Any updates on this? Even running in release mode (which according to the other issues, should fix this) the CPU is still pinned at 100%

coredoesdev avatar Dec 09 '24 02:12 coredoesdev

I think our main blocker is getting some more information - the hotspot information is useful, but does not really explain how we're hitting 100% on a single core when we should be blocking on vsync.

cwfitzgerald avatar Dec 09 '24 04:12 cwfitzgerald

Got it. Anything I can provide to be helpful? I've got a super minimal (just a textured quad moving around) setup, around 300 lines, so I can grab some perf data if it's helpful

coredoesdev avatar Dec 09 '24 23:12 coredoesdev

Alternatively, is there a way around it for the meantime? It's locking up my entire machine every time I start my program.. it's unsustainable. GL apparently just doesn't work on nvidia cards, otherwise I'd use that

coredoesdev avatar Dec 10 '24 00:12 coredoesdev

Interesting thing: Got a buddy running voidlinux to run this, and it got normal CPU usage (2-5%). Could this be some strange interaction with systemd somehow? It wouldn't make sense, but it's the primary difference between his setup and the others posted in this thread

coredoesdev avatar Dec 10 '24 01:12 coredoesdev

Probably a different problem than I reported. I'm drawing enough stuff that I hit 100% CPU utilization on the render thread with the GPU only 25% loaded, but that's because I'm drawing a lot. If I draw less stuff, CPU usage goes down. It's all working, just not fast enough.

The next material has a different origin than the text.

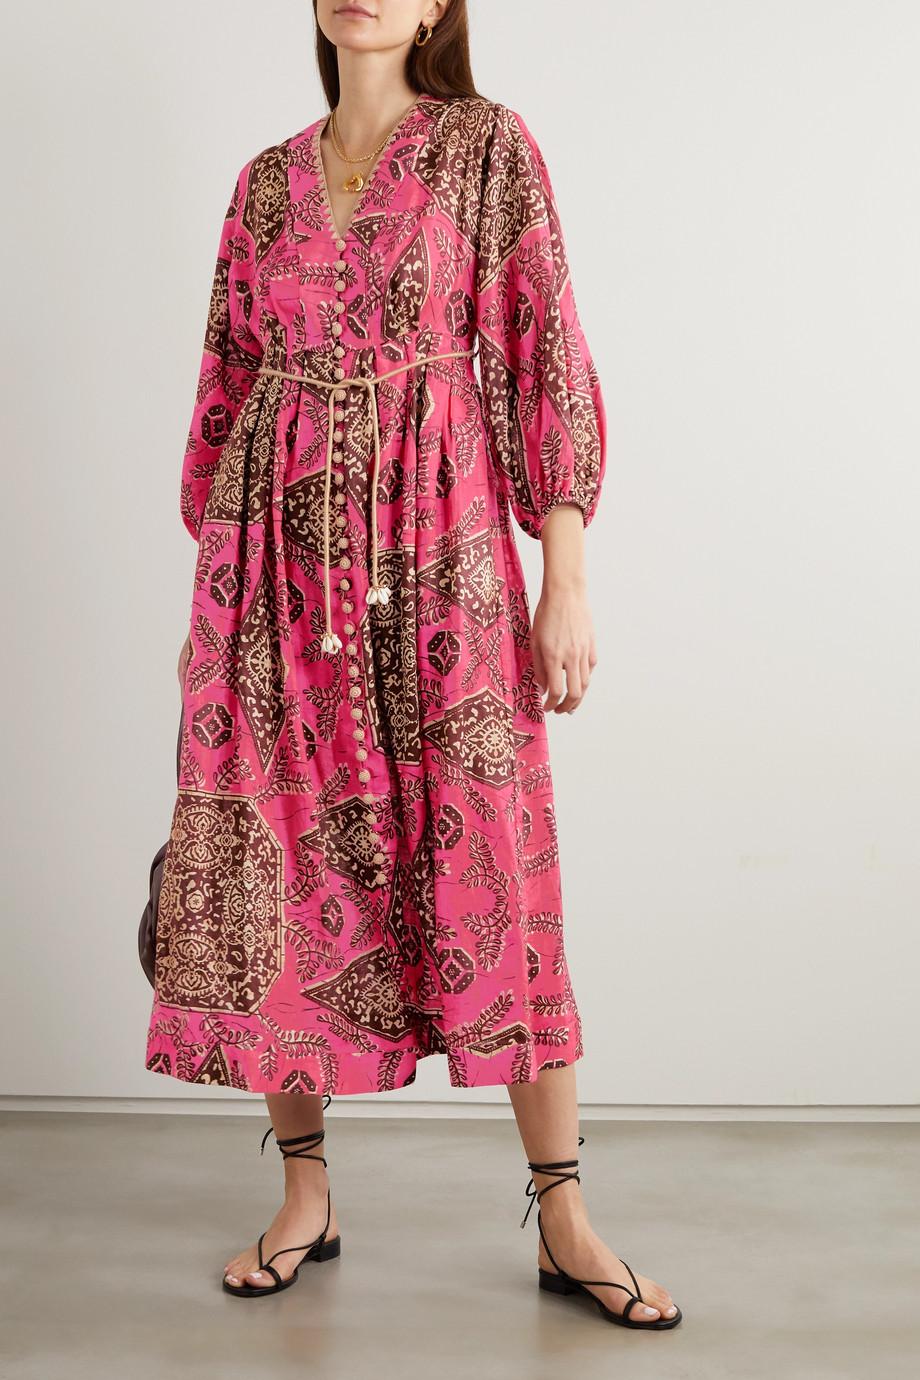 Zimmermann Lulu belted crochet-trimmed printed linen midi dress

I've got a super minimal (just a textured quad moving around) setup

If you're hitting 100% CPU drawing that, but it still draws, maybe there's no frame rate limit and you're drawing at some insane frame rate, faster than the display.

John-Nagle avatar Dec 10 '24 03:12 John-Nagle

That's what I thought too, so I added frame time tracing.. fairly constant 60fps (within a tenth). Incidentally my nvidia driver exploded a few minutes ago and I tried again... now, it was using 350% CPU (as my other threads generating data to be rendered started to get activated), and rendering at a much higher framerate. So it does appear to be blocking on vsync, just in some wildly inefficient way. Basic profiling shows the overwhelming majority of cpu time being spent in get_time. I suspect this is tracing_subscriber at play, so I'm just ignoring that. The rest of the time is spent in various C libraries.. no debugging symbols there (probably internals of the nvidia vulkan driver). Around 25% of cpu time was spent in mutex_lock. Only around 1% of cpu time was in actual rust code interestingly, which suggests to me something in vulkan is spinning (induced by wgpu?)

I can upload a perf file tomorrow if that would be helpful.

coredoesdev avatar Dec 10 '24 03:12 coredoesdev

Just thought I'd offer an update on this once again. Apologies for the terribly delayed message and the lack of the promised perf report. I've switched to Vulkano for my renderer since the last time I posted here, but after seeing my productivity tank because of the verbosity of that API, I decided to try to build and run the skybox example in the newest version of wgpu (25.0.1) in Wayland (Hyprland), as that's what I'm using as my daily driver now, and the CPU usage was fine, at around 3-5%. So I booted up Plasma in X-11 to give it another shot, in case maybe the issue was fixed in the newest version of wgpu, but the CPU usage was very high again. It occurred to me to try to artificially limit the frame rate using MangoHud, so I tried running the example with the frame rate limited to 60 fps and the CPU usage was at a reasonable 3-5%, just like what it was in Wayland without a frame rate limiter. Tried with the frame rate limited by MangoHud in X-11 once again, but this time limiting my frame rate to 144 fps in order to rule out the possibility that the renderer running at my monitor's refresh rate (144 Hz) would still run at 100% single-core CPU usage, and the CPU usage was still at a baseline 3-5%.

Maybe this indicates an issue with V-Sync in Vulkan on X-11? The frame times reported in the console without a frame rate limiter enabled still says 144 fps, matching my monitor's refresh rate, but maybe this is only indicating the surface's presentation rate and not the actual renderer's update rate?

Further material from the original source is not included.